Endostemon tenuiflorus
- Conservation status: Least Concern (SANBI Red List)

Scientific classification
- Kingdom: Plantae
- Clade: Embryophytes
- Clade: Tracheophytes
- Clade: Angiosperms
- Clade: Eudicots
- Clade: Asterids
- Order: Lamiales
- Family: Lamiaceae
- Genus: Endostemon
- Species: E. tenuiflorus
- Binomial name: Endostemon tenuiflorus (Benth.) M.Ashby
- Synonyms: Orthosiphon tenuiflorus Benth. ; Pseudocimum tenuiflorus (Benth.) Bremek. ; Ocimum depauperatum Vatke ; Orthosiphon depauperatum A.Terracc. ; Pseudocimum trichocalyx Bremek. ;

= Endostemon tenuiflorus =

- Genus: Endostemon
- Species: tenuiflorus
- Authority: (Benth.) M.Ashby
- Conservation status: LC

Species of flowering plant

Endostemon tenuiflorus is a species of flowering plant in the family Lamiaceae and commonly called the slenderleaf keepsafe or, sometimes in South Africa, the mopaneveld keepsafe.

== Description ==
This species is a perennial, softly sticky dwarf shrublet 0.15–0.25 m tall, woody at the base and freely branched. The stems are ascending and covered with fine glandular bristles.

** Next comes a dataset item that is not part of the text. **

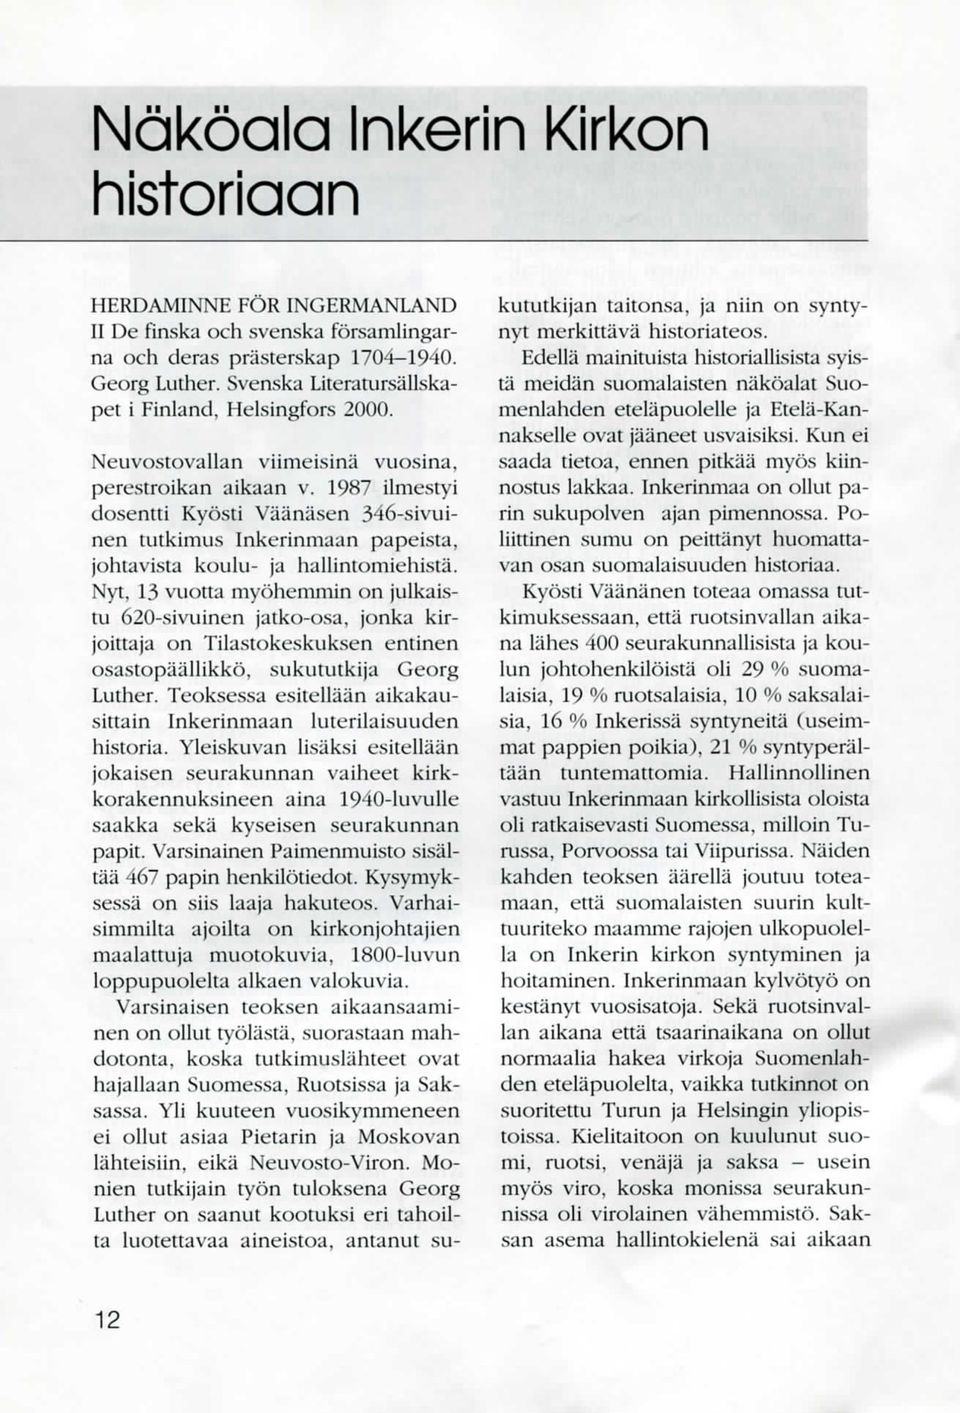 1987 ilmestyi dosentti Kyosti Vaa'nasen 346-sivuinen tutkimus Inkerinmaan papeista, johtavista koulu- ja hallintomiehista.

The leaves are subsessile and often leathery, with linear to linear-oblanceolate blades, 12–40 mm long. The surfaces are roughened by numerous sunken glands, with blunt tips, narrowed bases, and margins that are obscurely and distantly toothed, often rolled under.

The inflorescences are lax racemes 50–70 mm long, composed of several spaced whorls, each bearing two flowers. The bracts are 1.5–5 mm long. The calyx is spiny and strongly veined, hairy within the throat, and enlarges to about 3.5 mm at maturity; the tube is bell-shaped, with narrow, awl-shaped lateral teeth shorter than the lower pair. The corolla is whitish to mauve or pink, 8–9 mm long, with a cylindrical tube and short lobes.

===Identification===
In northeastern Africa, Endostemon tenuiflorus looks closest to Endostemon glandulosus in Ethiopia. The latter has a shorter inflorescence, however, and its corolla is five-lobed.

==Distribution and habitat==
Endostemon tenuiflorus′s geographic range spans southern Africa, northeastern tropical Africa, southern Madagascar, Socotra, and the Arabian Peninsula. In southern Africa, it has been recorded in northwestern Namibia, Botswana, southernmost Zimbabwe, and South Africa′s Limpopo and Mpumalanga provinces. It tends to be found in drier savannah, including Acacia–Commiphora bushland and Zambezian and mopane woodlands.